His sister and little brother were all too happy to accompany him, which made things only harder for him since he had to keep an eye on them while trying to find something worthwhile, and they were rapidly eating up, in some cases quite literally, his money. He didn’t have the heart to tell them they couldn’t come along, however, and so he ended up saved by his father’s miserliness. The older man forbade the two from tagging along, saying they were taking unfair advantage of their older brother.
The two nearly threw tantrums, but he stood firm and resolute, and they eventually gave up and locked themselves in their room.

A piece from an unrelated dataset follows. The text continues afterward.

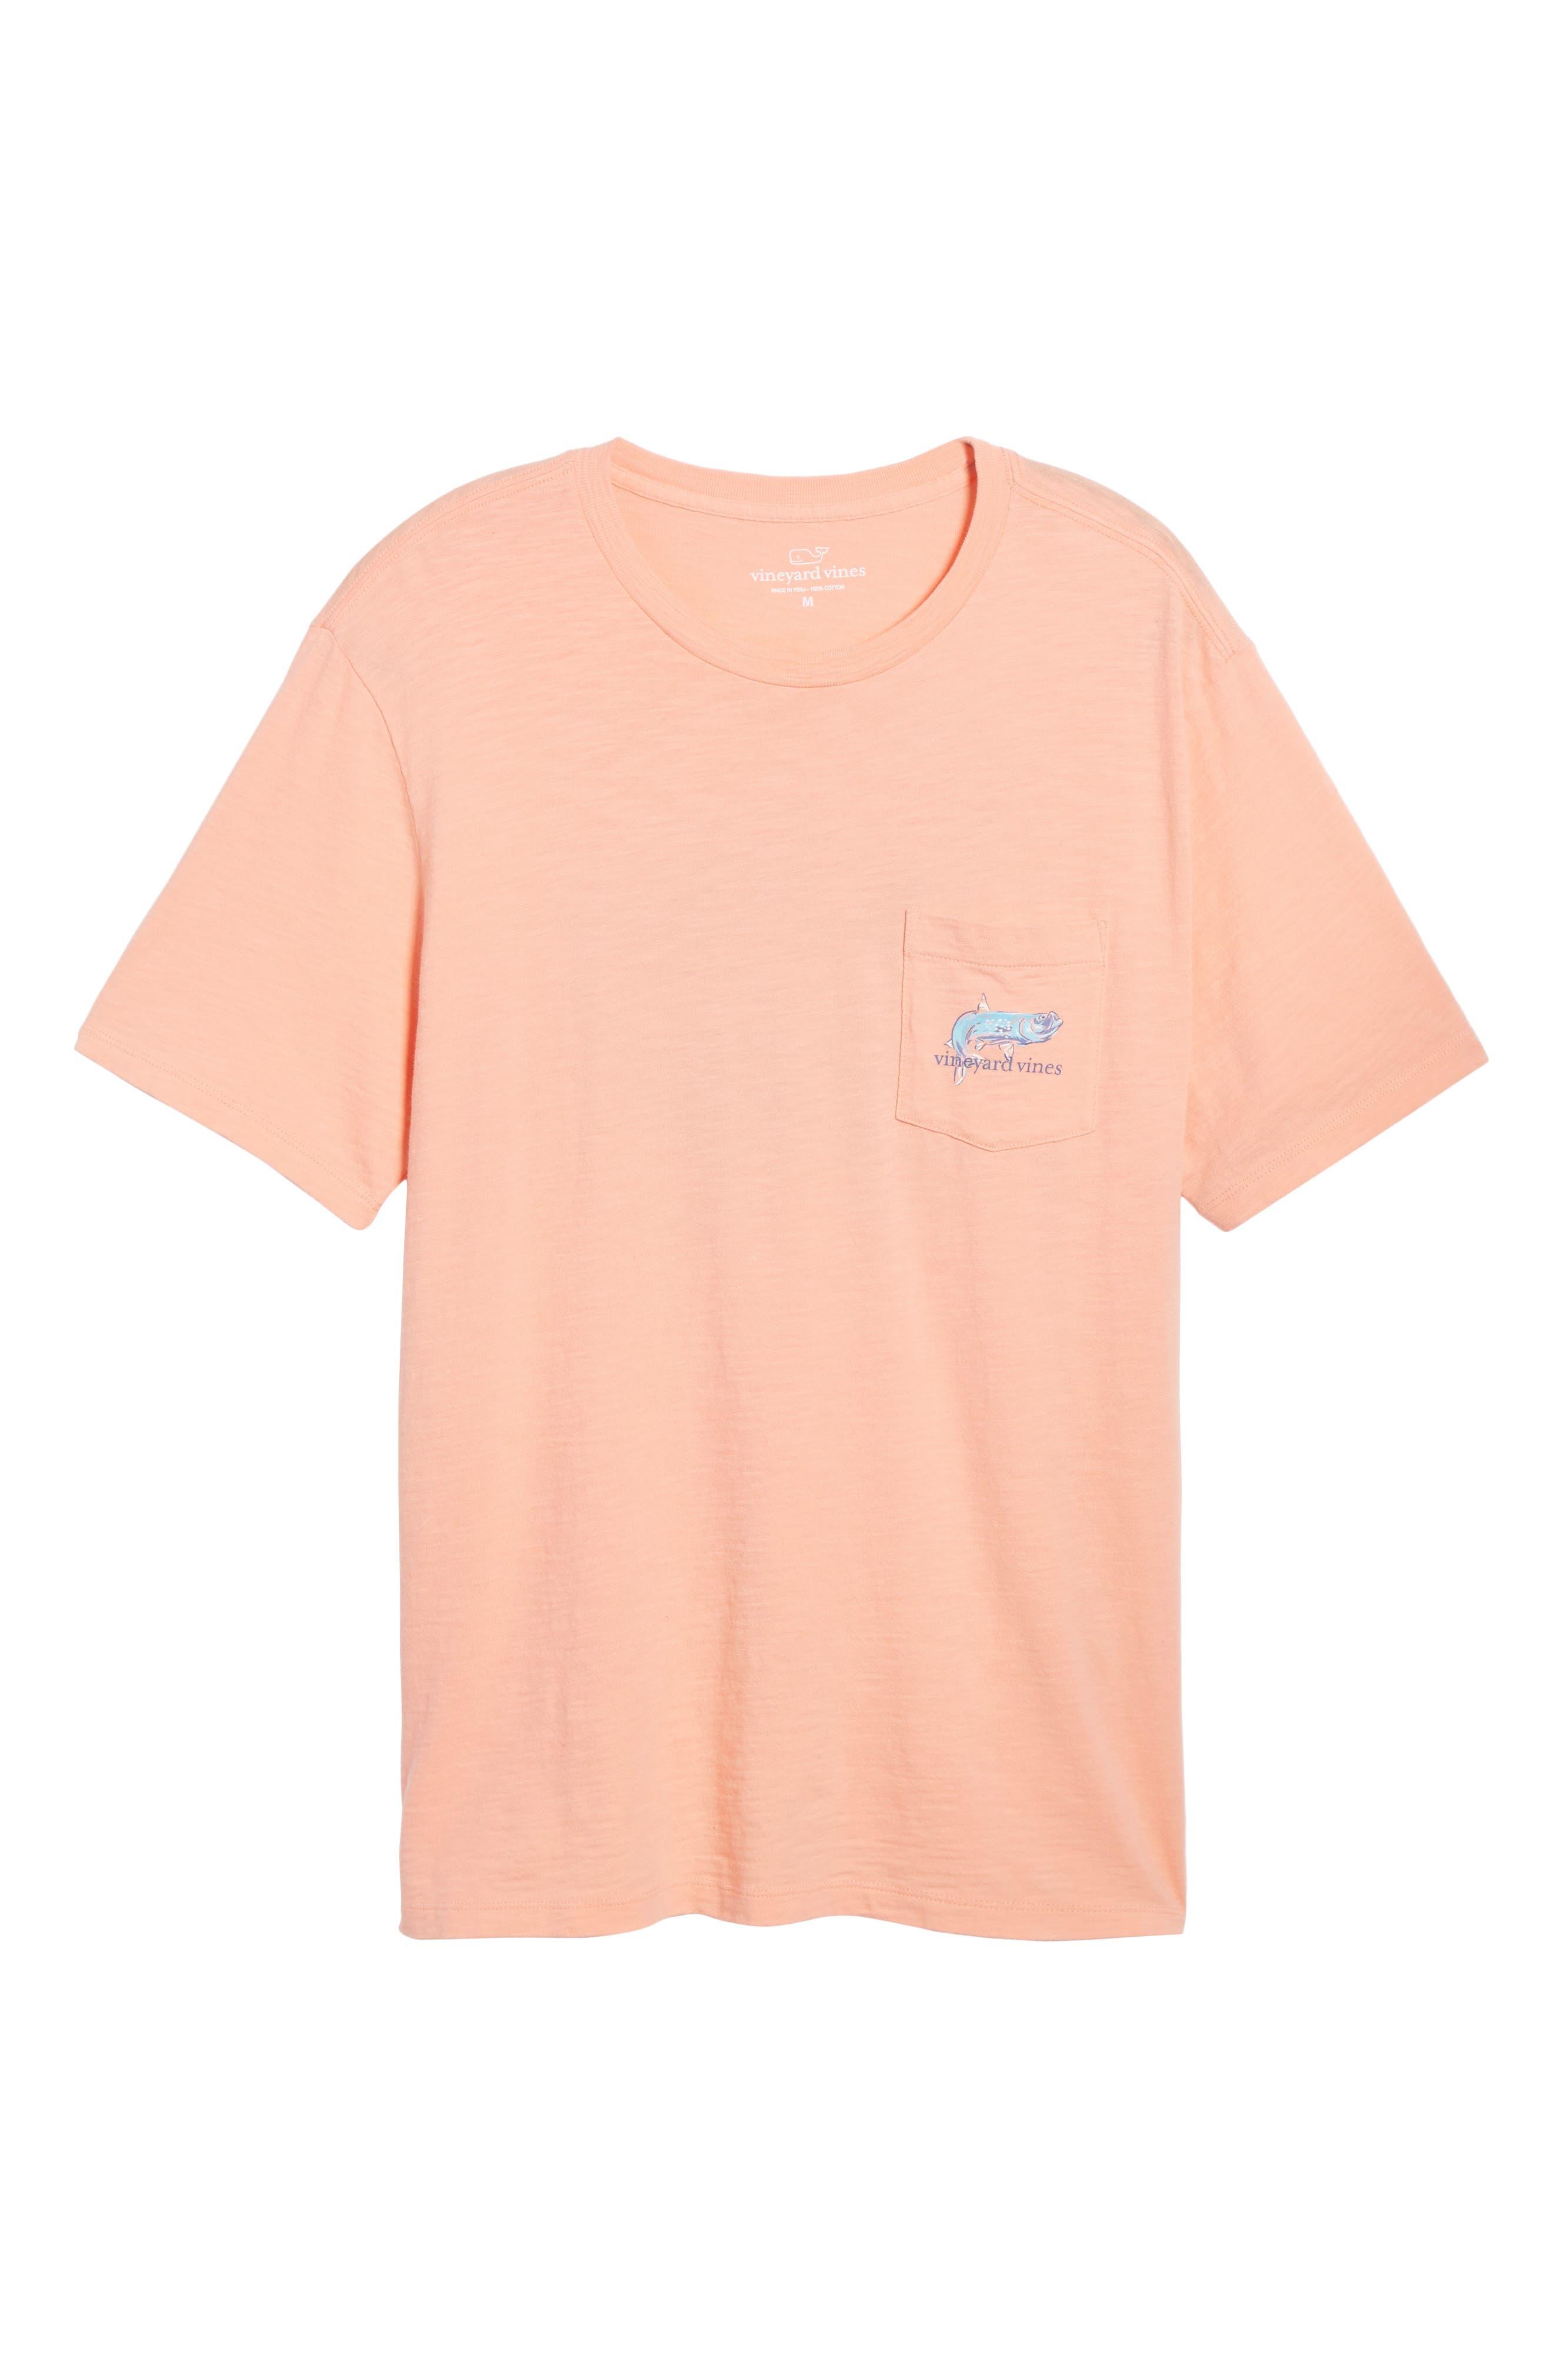 Painted Tarpon Graphic Pocket T-Shirt,                             Alternate thumbnail 6, color,                             821

Welikro stopped by a couple weeks into the vacation and brought him a muntjac leg. A muntjac was a species of deer common to the three prefectures. They were about the size of a goat but could not jump over a twig if it was in their way. They were very easy to catch for someone who knew what he was doing, and they were rapidly going extinct in the region. By now they were a rare, if easy, catch.
They had yet to catch a stonefox, so they were only back here to drop of their pickings and restock on supplies. They were leaving again in a day or two. Despite everything Claude had done to ease him, Welikro was still very unhappy with himself for failing to convince his father to let the boy come along. Not just because it felt wrong to leave his friend in town while he went out on an adventure, but because it was a waste for a hunter as talented as Claude to waste an entire season languishing in boredom at home. Claude’s father would never let him go, however, and neither would Welikro’s father for that matter, so there was nothing to do but feel ashamed.
Claude showed him the letter he got from Borkal just two days earlier. It said he wouldn’t be back for new year’s, since his father had decided they would spend it at his aunt’s in Simlock. He hoped to be back by the end of the 1st month, however.
Eriksson was next on the chopping block. They’d not heard about him yet, but if his father did the same as the previous times, he ought to be back just before new year’s.
Welikro wanted to make up for his absence, and since Claude had nothing to do, really, the two headed south of town at Welikro’s suggestions for a little hunting. He forbade Claude from using traps, however.
“This is to practise your shooting as much as it is to hunt. So no traps!” he’d said, wagging his finger at Claude like an angry teacher.
Claude had to fight to swallow his laughter, but managed somehow to nod almost seriously.
Welikro left again two days later as he’d said, and Claude was alone once more. The snow finally came down and covered everything in a daily-thickening blanket blanched of all colour. Balinga’s edges also started to freeze.
Eriksson returned just before the harbour had to close down for the winter, and brought with them two whales.